Input data
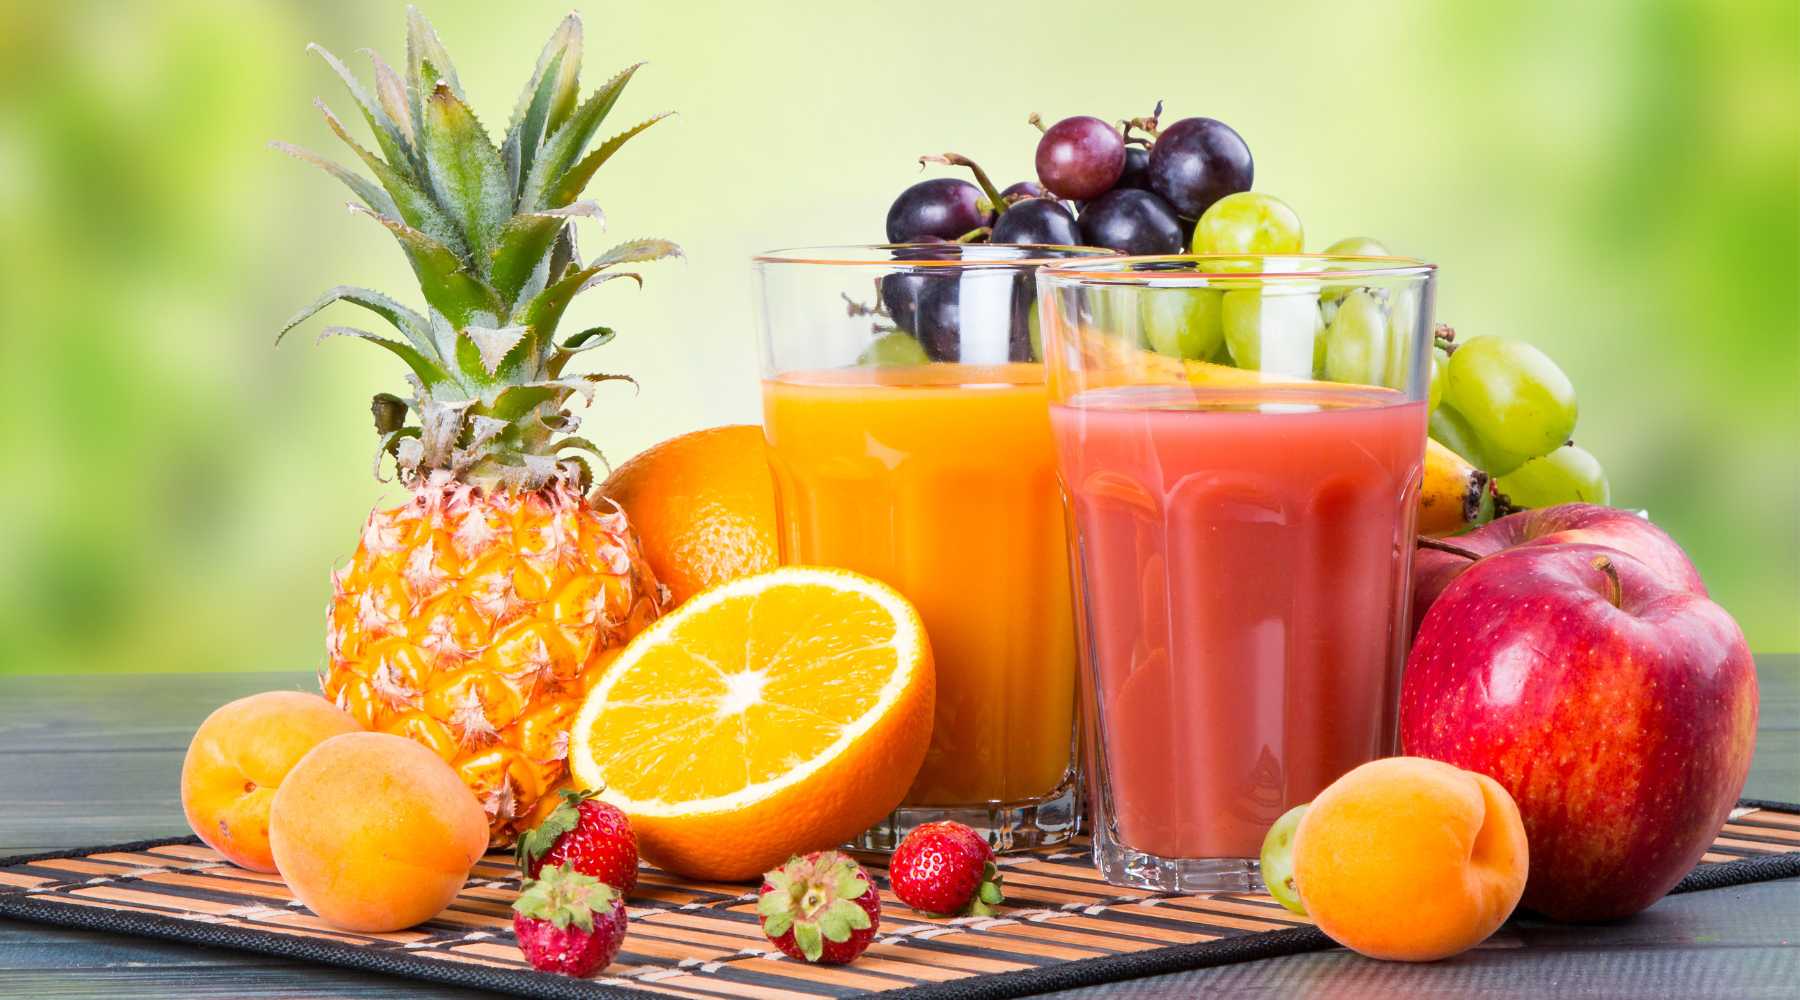 What Is Juicing?
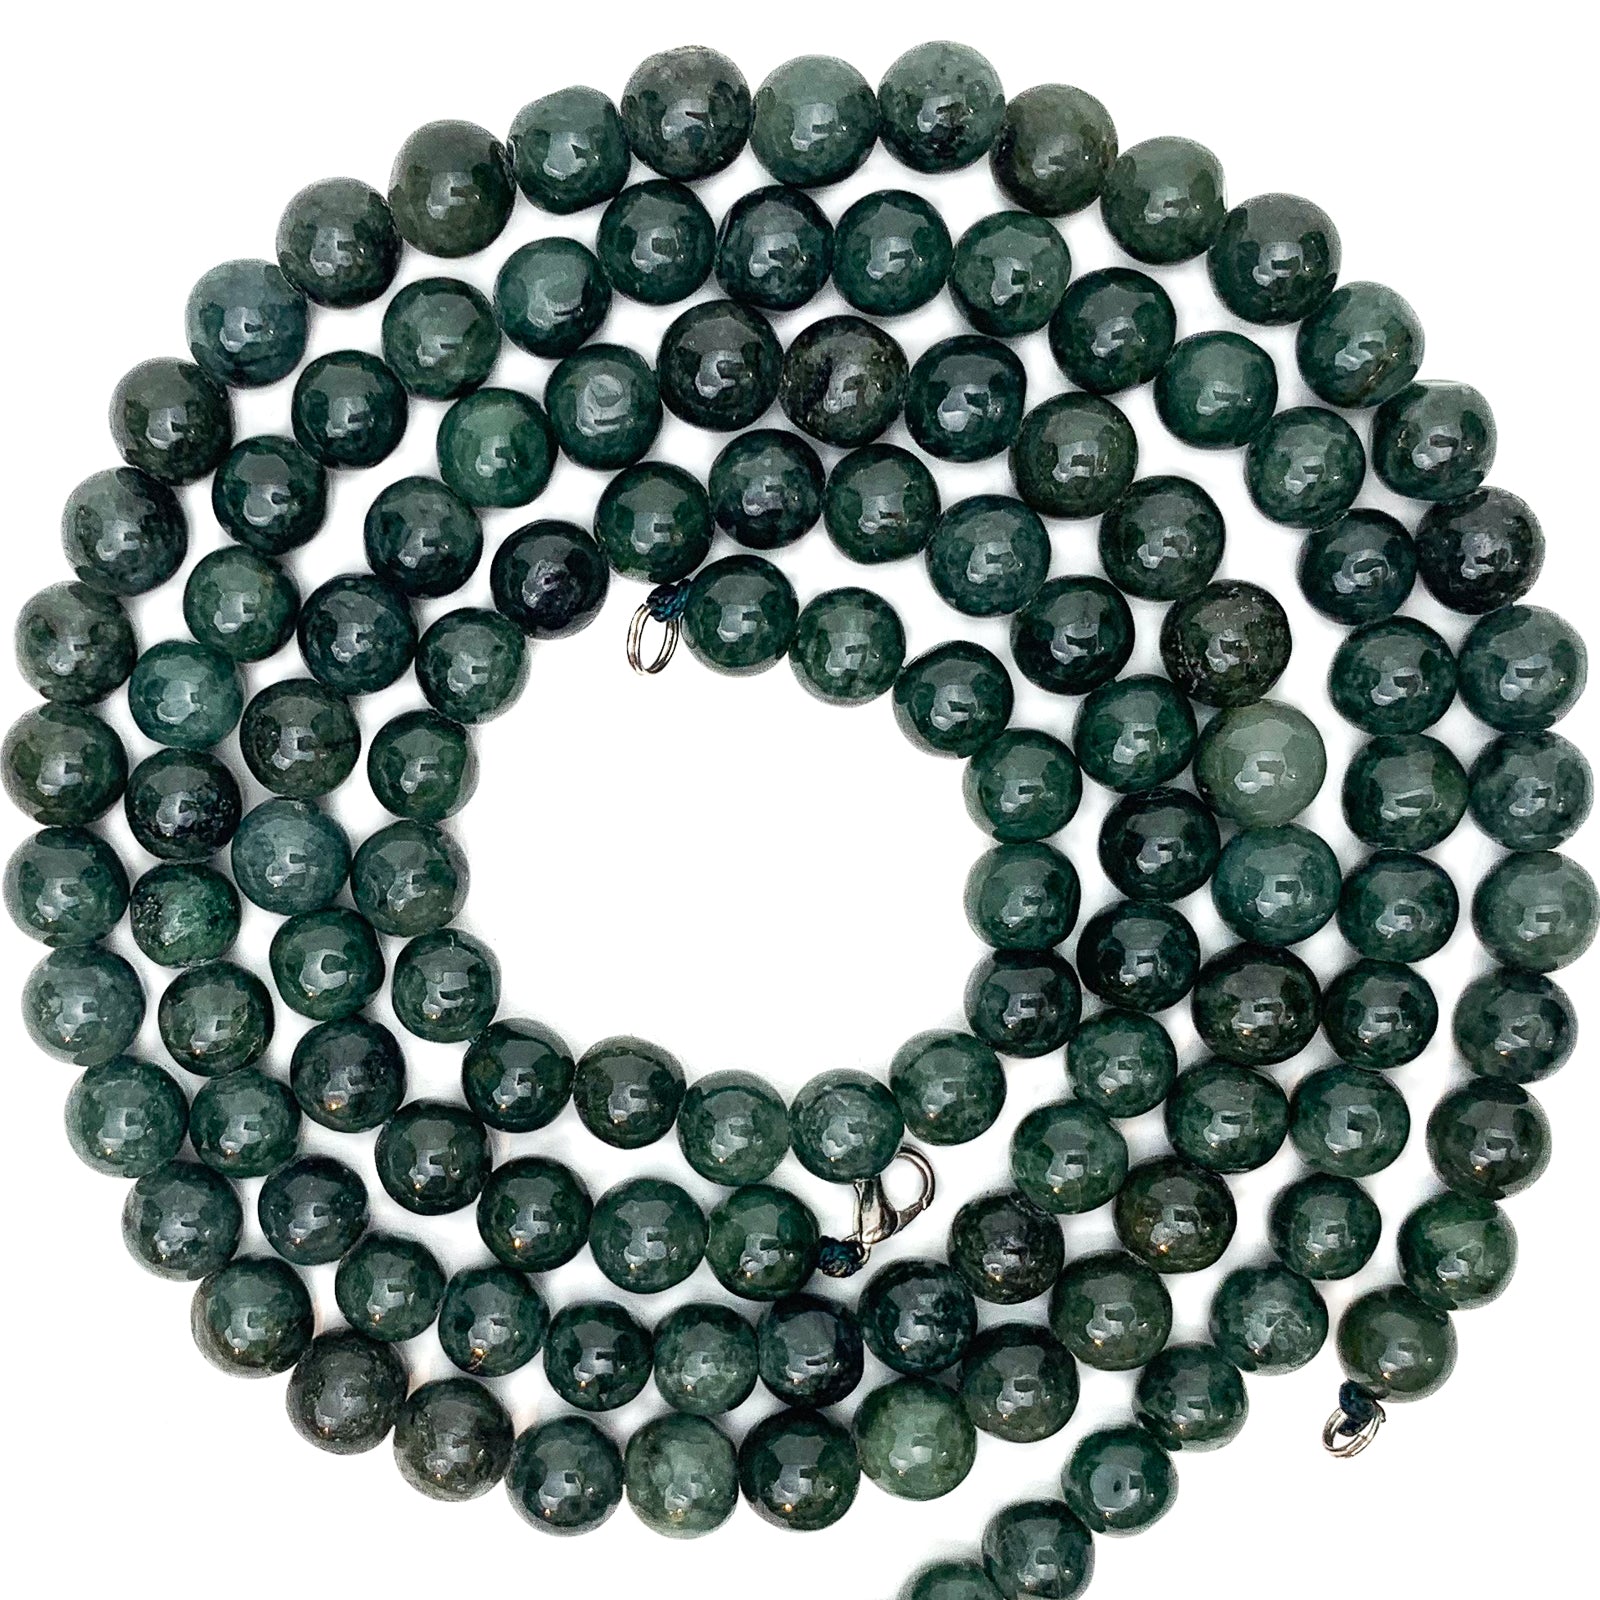 Canadian Jade 10mm Smooth Rounds Bead Strand / Necklace – Beads of Paradise
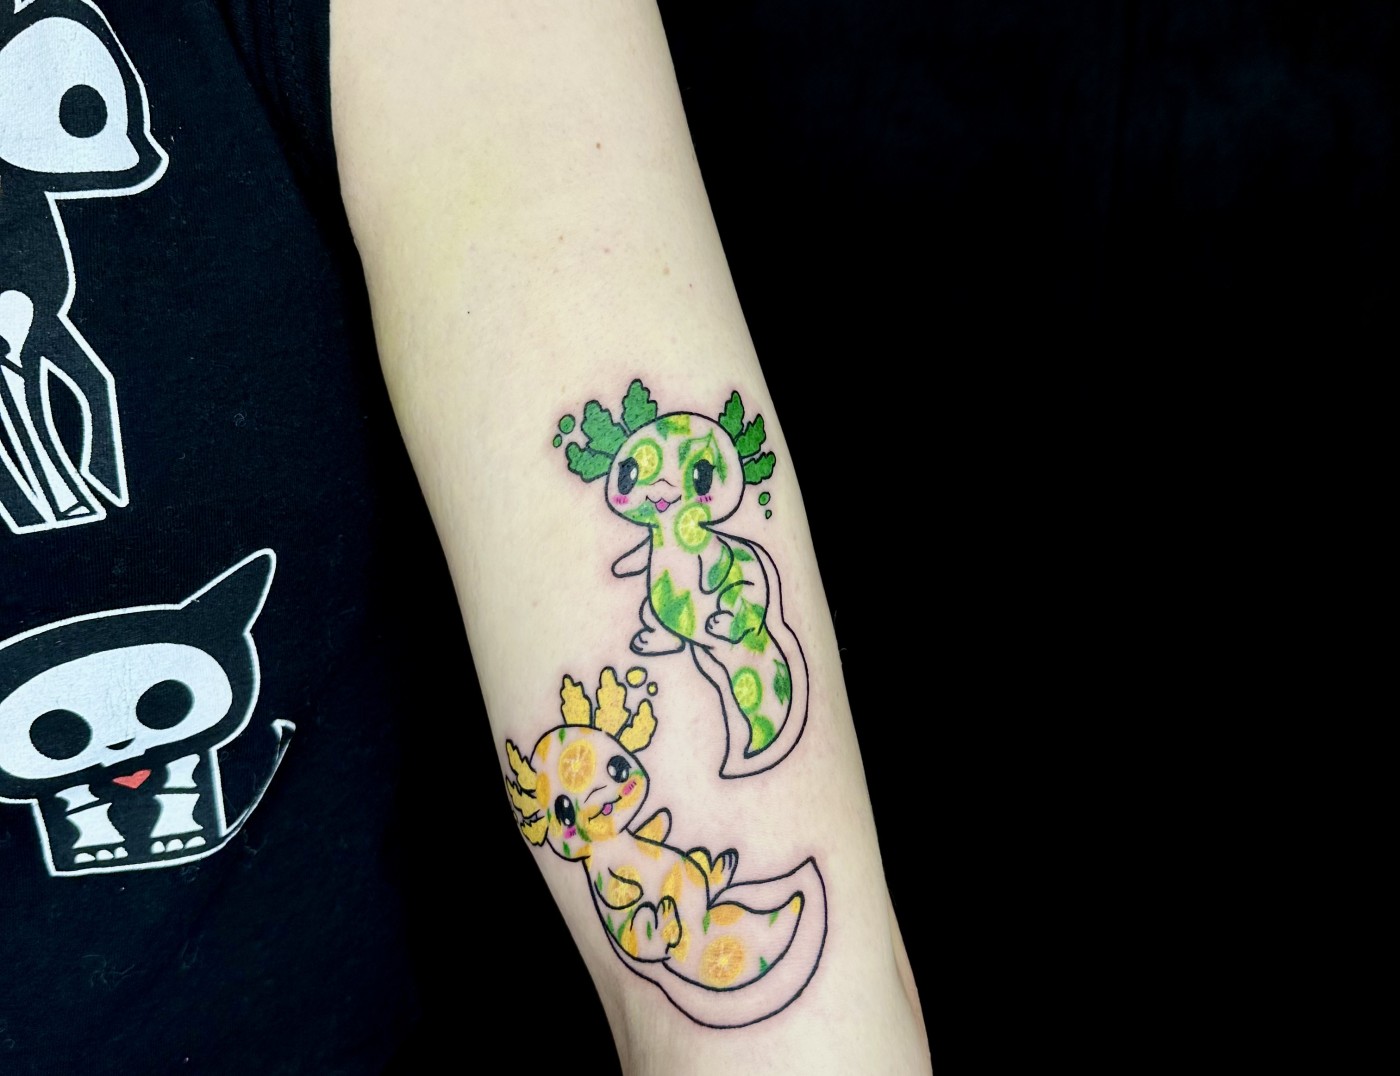 Axoioti Salamanders Animal Tattoo By Tattoo Artist Morana. Morana comes to us from Iron & Ink Tattoo Studio in Atlanta, Georgia. She is available for booking Sept 23rd - 27th. Call 404-973-7828 or stop by for a free consultation. Walk Ins are welcome.

How to complete this task
Starting with the line that contains "Canadian Jade 10mm", copy every line word for word through the end of the listing above, but leave out the pictures.

Result of the exercise
 Canadian Jade 10mm Smooth Rounds Bead Strand / Necklace – Beads of Paradise
 Axoioti Salamanders Animal Tattoo By Tattoo Artist Morana. Morana comes to us from Iron & Ink Tattoo Studio in Atlanta, Georgia. She is available for booking Sept 23rd - 27th. Call 404-973-7828 or stop by for a free consultation. Walk Ins are welcome.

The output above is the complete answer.